The idea of using variables also offers the possibility of gaining significant efficiency in assessment: Although each new curriculum prides itself on bringing something new to the subject matter, in truth, most curricula are composed of a common stock of content.

And, as the influence of national and state standards increases, this will become more true, and also easier to codify. Thus, we might expect innovative curricula to have one, or perhaps even two variables that do not overlap with typical curricula, but the remainder will form a fairly stable set of variables that will be common across many curricula.

Variables are derived in part from research into the underlying cognitive structure of the domain and in part from professional opinion about what constitutes higher and lower levels of performance or competence, but are also informed by empirical research into how students respond to instruction or perform in practice (Pellegrino et al, 2000). To more clearly understand what a progress variable is, let us consider an example.

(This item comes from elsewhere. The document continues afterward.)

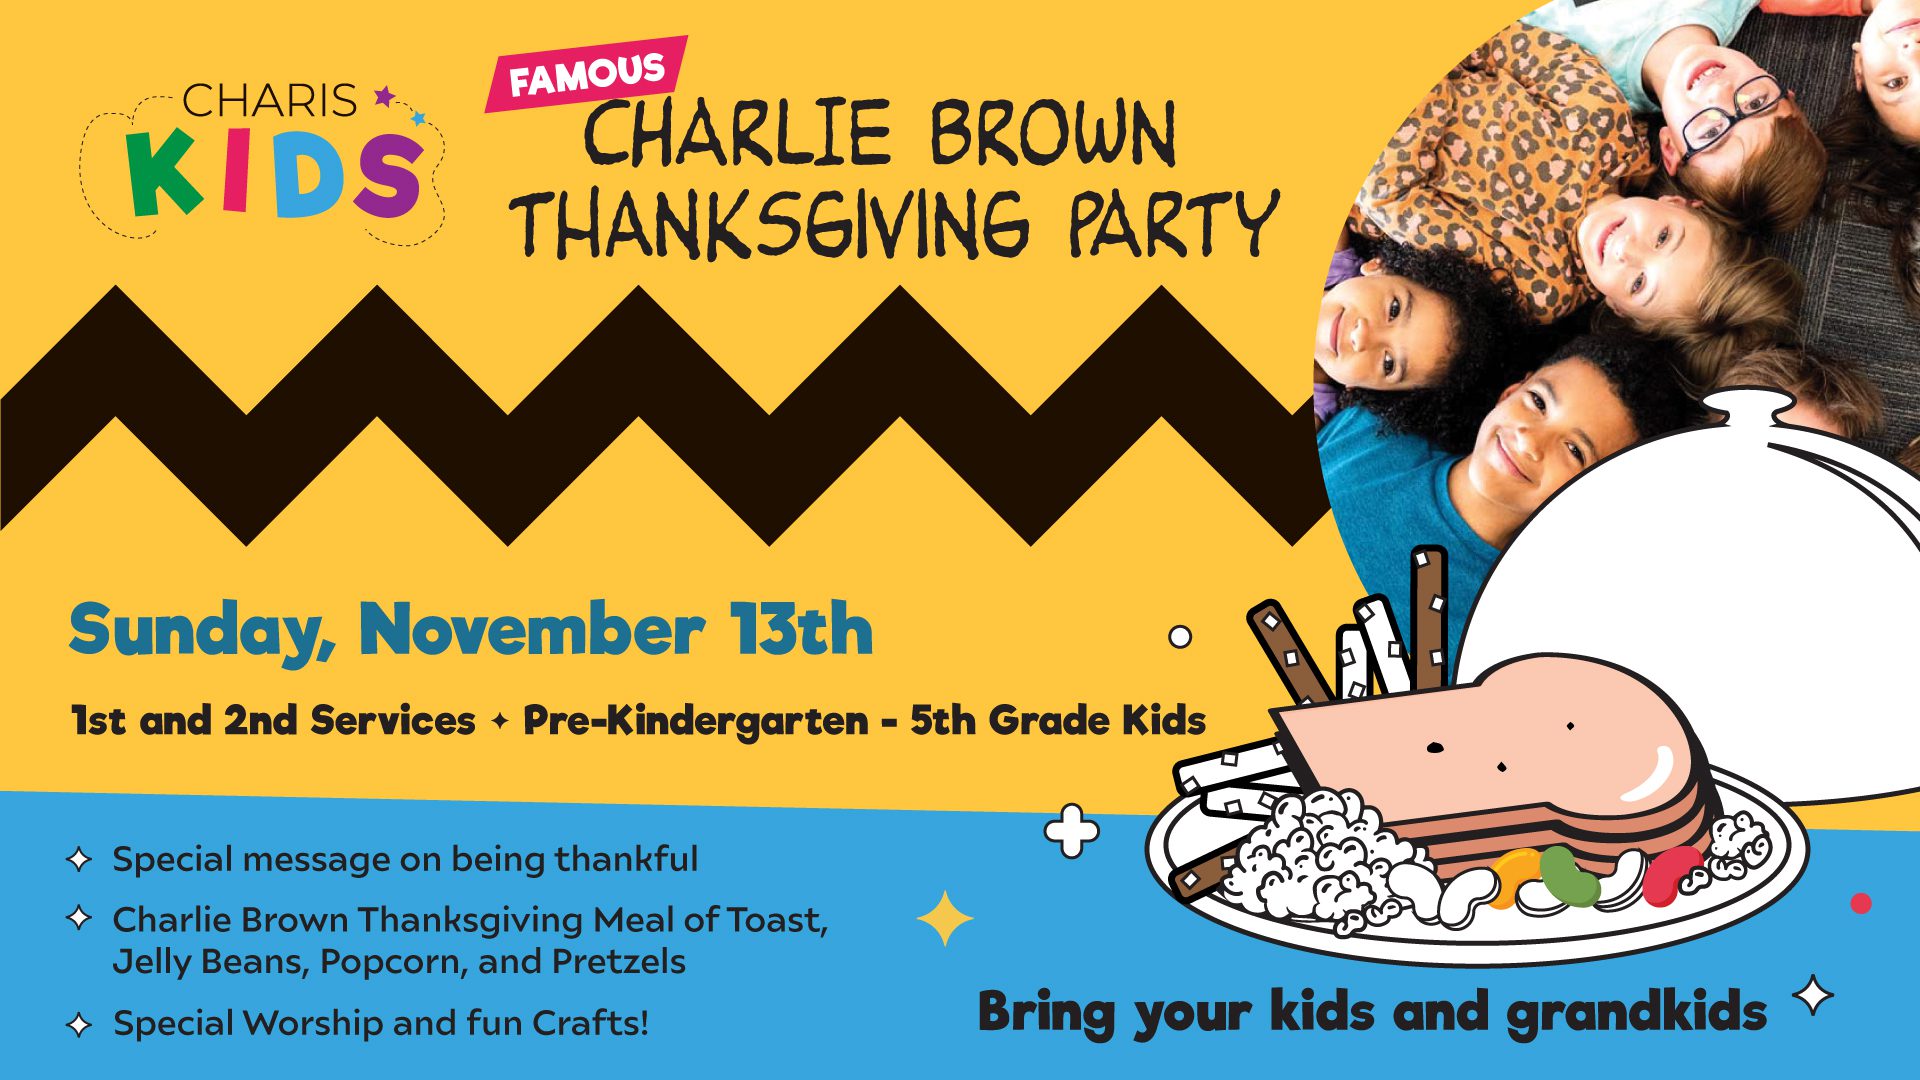 Famous Charlie Brown Thanksgiving Party at Charis Christian Center

The example explored in this paper is a test of mathematics competency taken from one booklet of a German mathematics test administered to a random sub-sample of the German PISA sample of 15 year-old students in the 2003 administration (German PISA Consortium, 2004). The test was developed under the same general guidelines as the PISA Mathematics test, where Mathematical Literacy is a “described variable” with several successive levels of sophistication in performing mathematical tasks (OECD, 2005).

These levels are shown in Table 1.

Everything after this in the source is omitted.